▸ TASK TO CARRY OUT
Below are the records; give again exactly the lines from the one containing "70th Anniversary Of The Founding Of The PRC" through the one containing "Rome's Villa Aurora", leaving out pictures.

▸ DATA EXTRACT
==*==

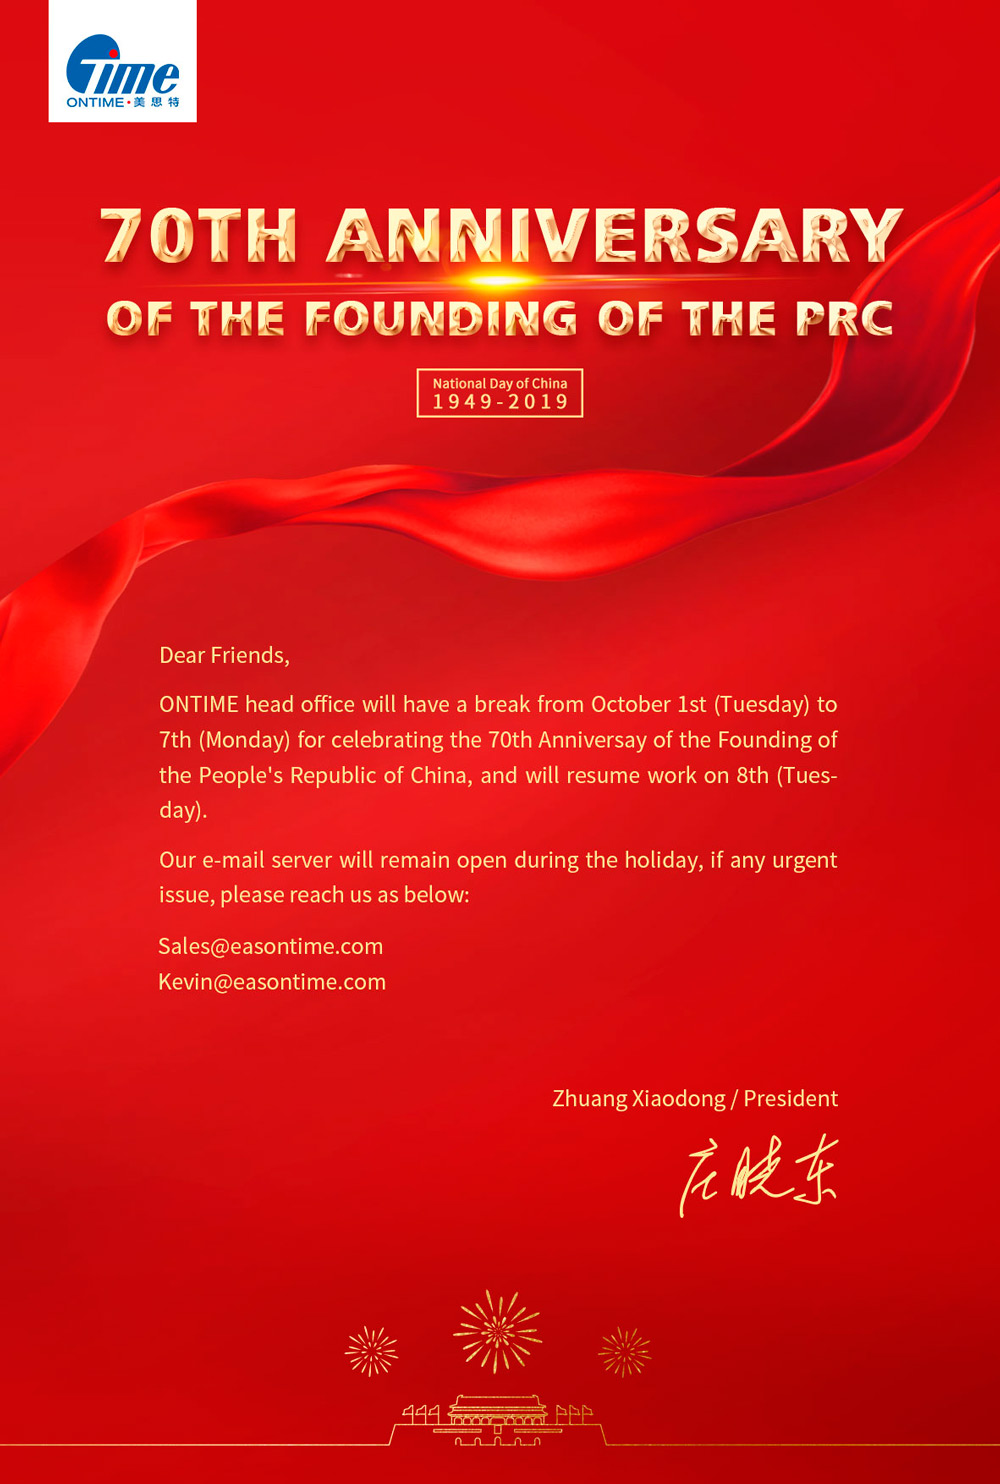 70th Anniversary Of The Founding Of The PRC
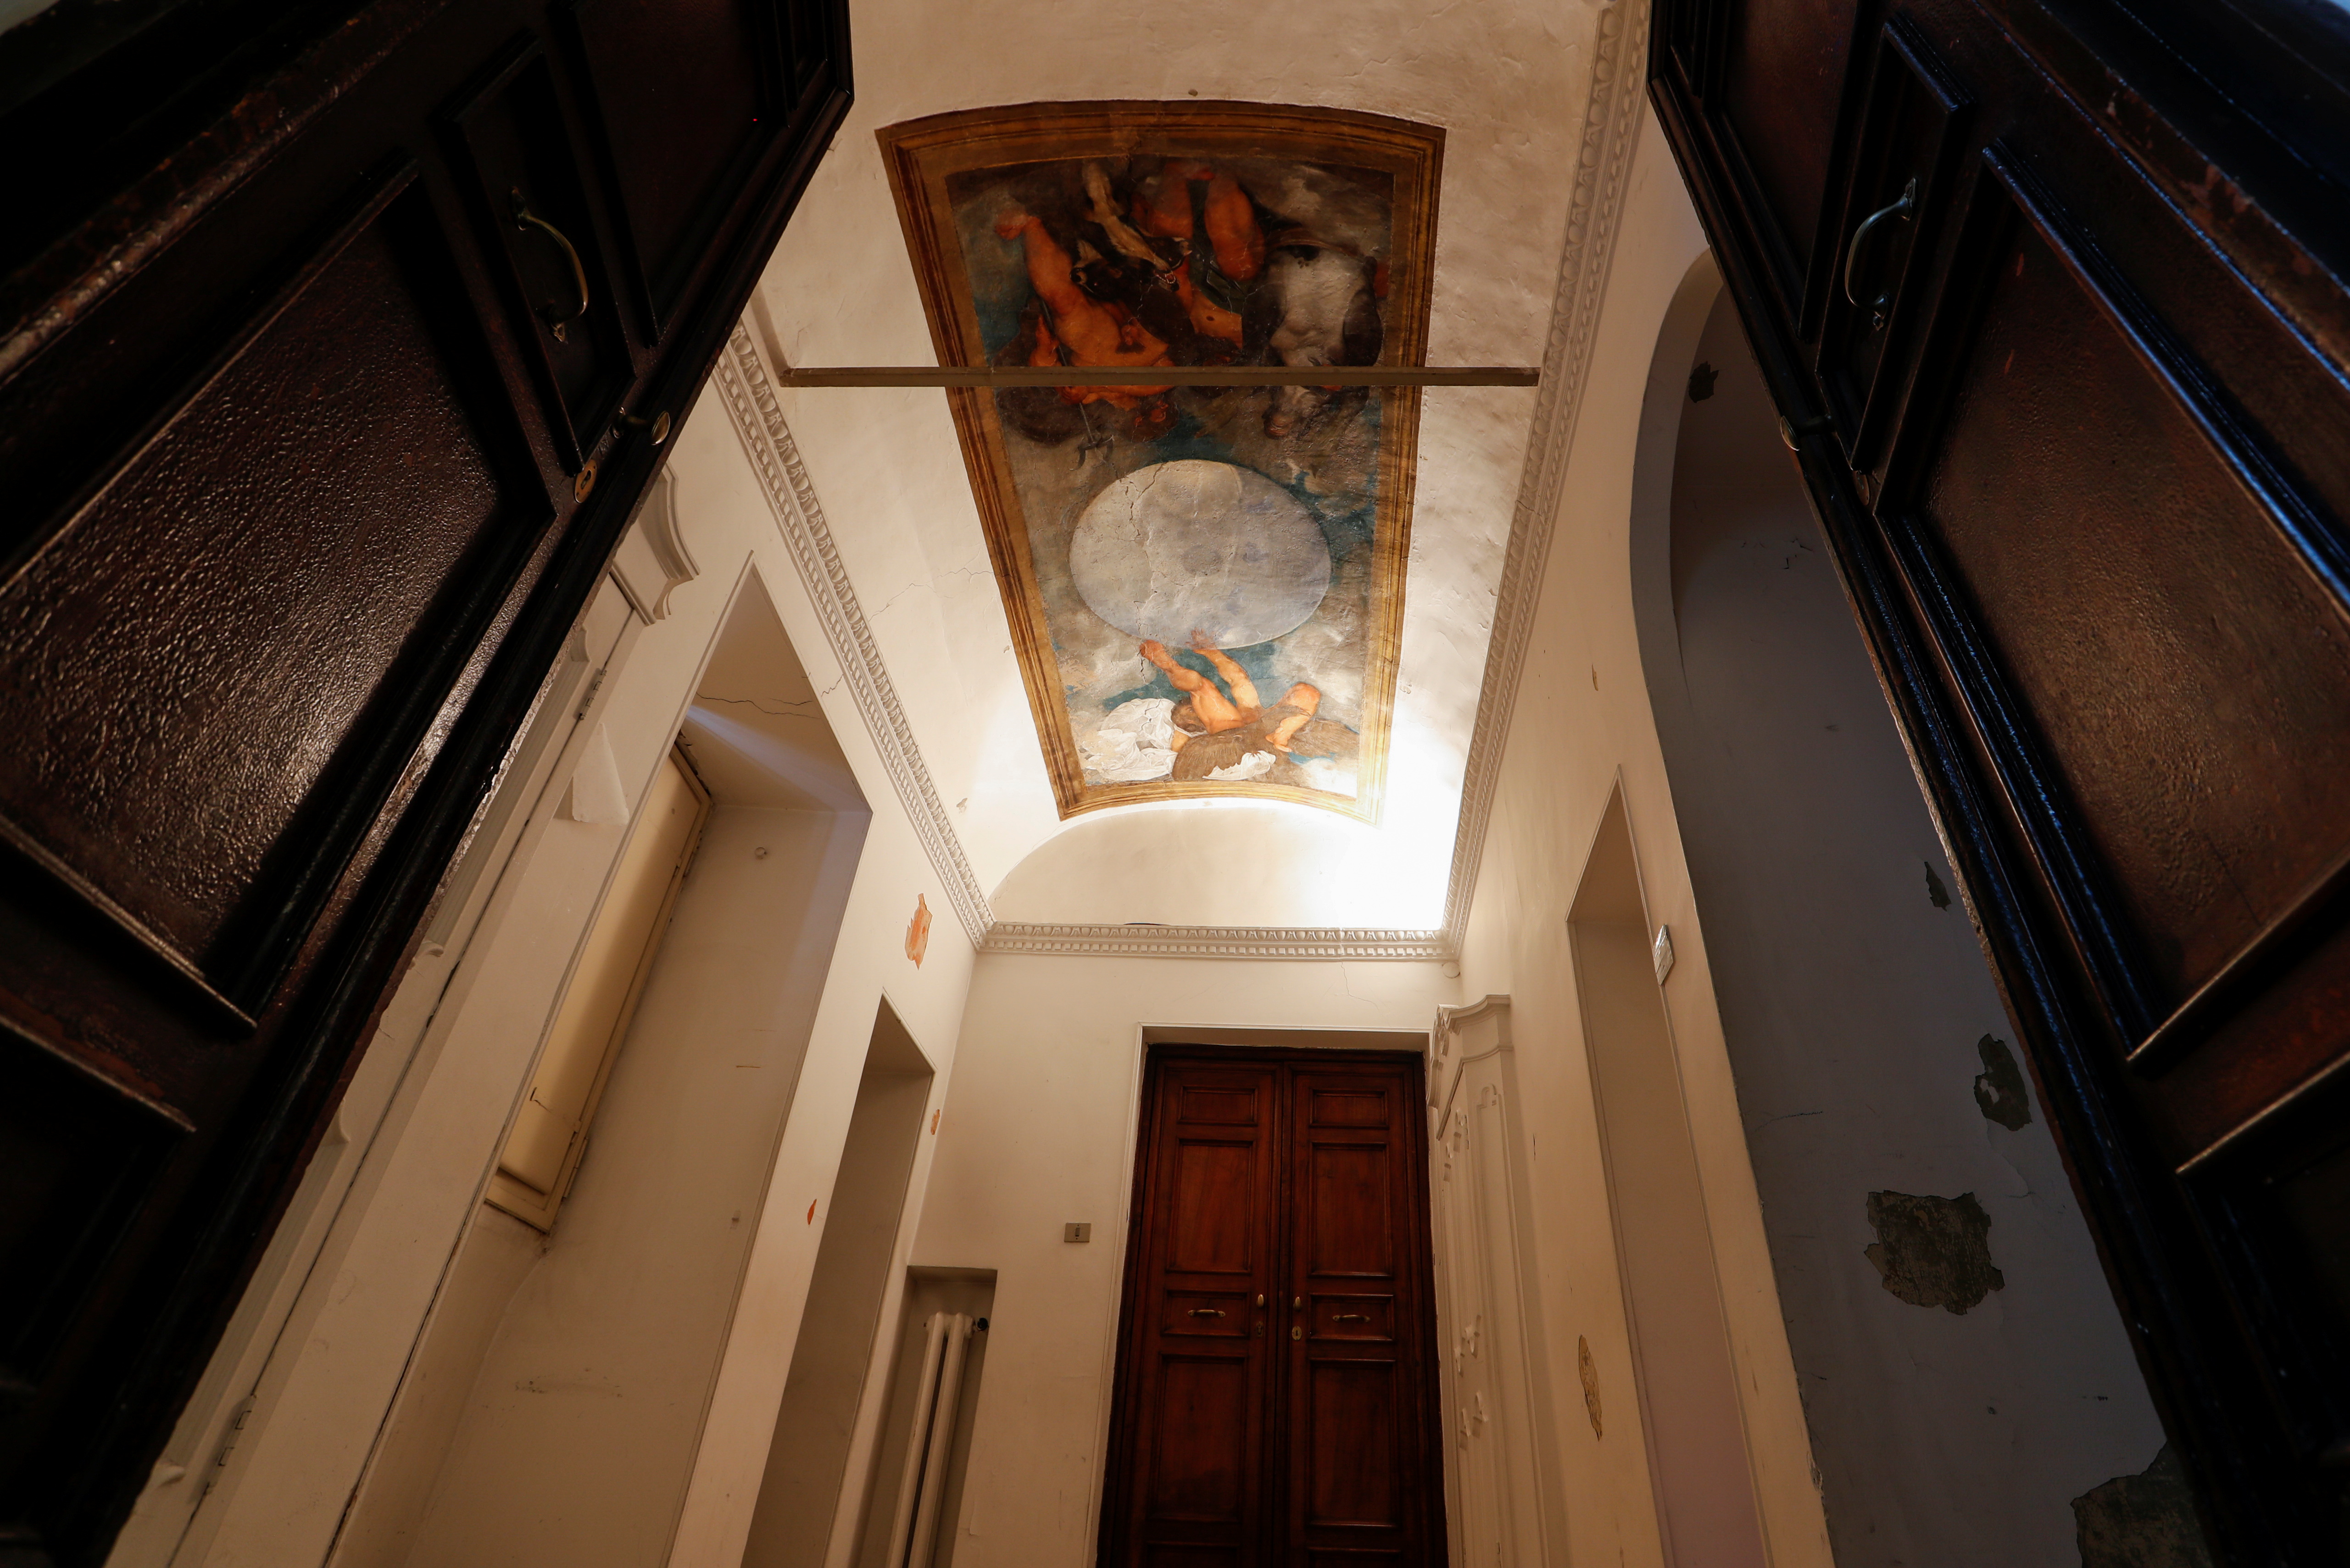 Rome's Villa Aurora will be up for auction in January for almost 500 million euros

==*==

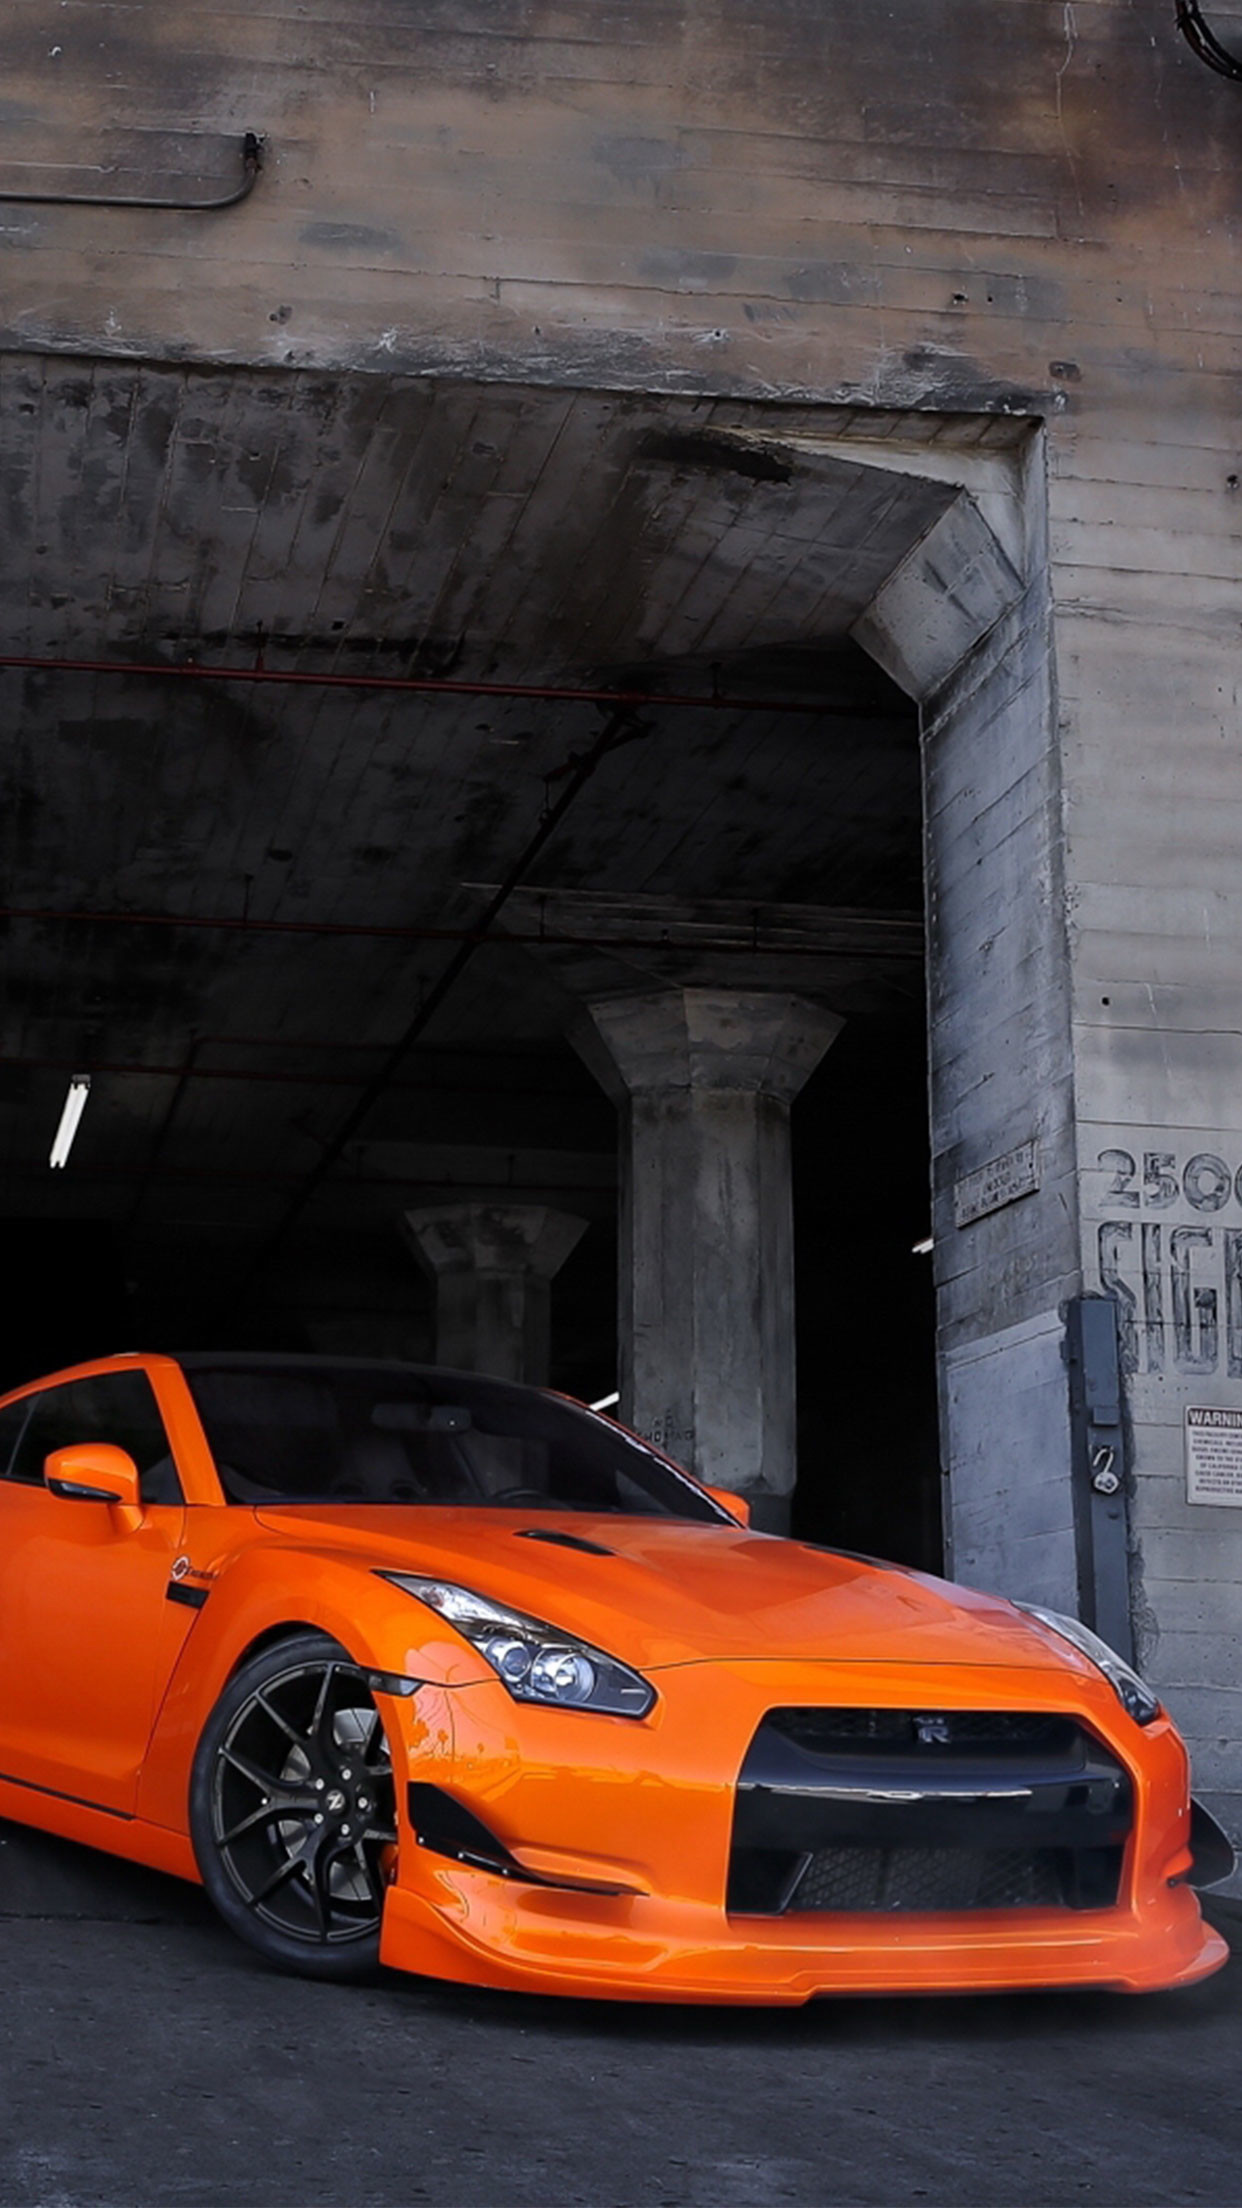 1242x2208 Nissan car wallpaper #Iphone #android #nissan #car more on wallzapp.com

==*==

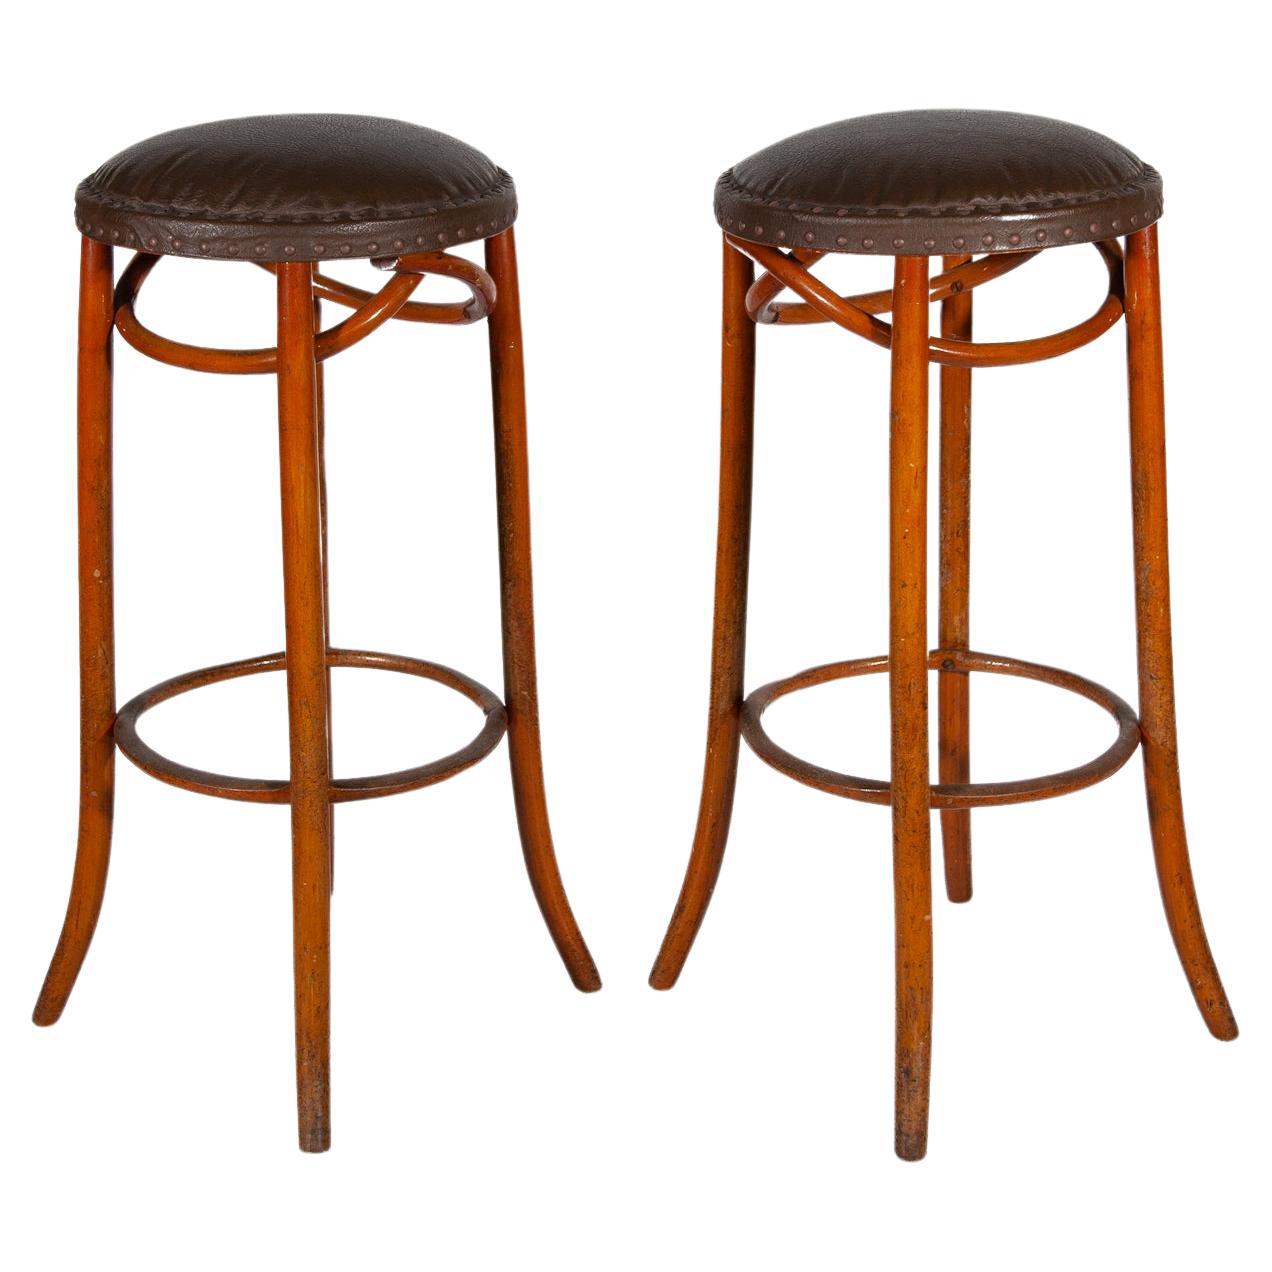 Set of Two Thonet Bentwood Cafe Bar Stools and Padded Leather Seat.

==*==

▸ TASK ANSWER
 70th Anniversary Of The Founding Of The PRC
 Rome's Villa Aurora will be up for auction in January for almost 500 million euros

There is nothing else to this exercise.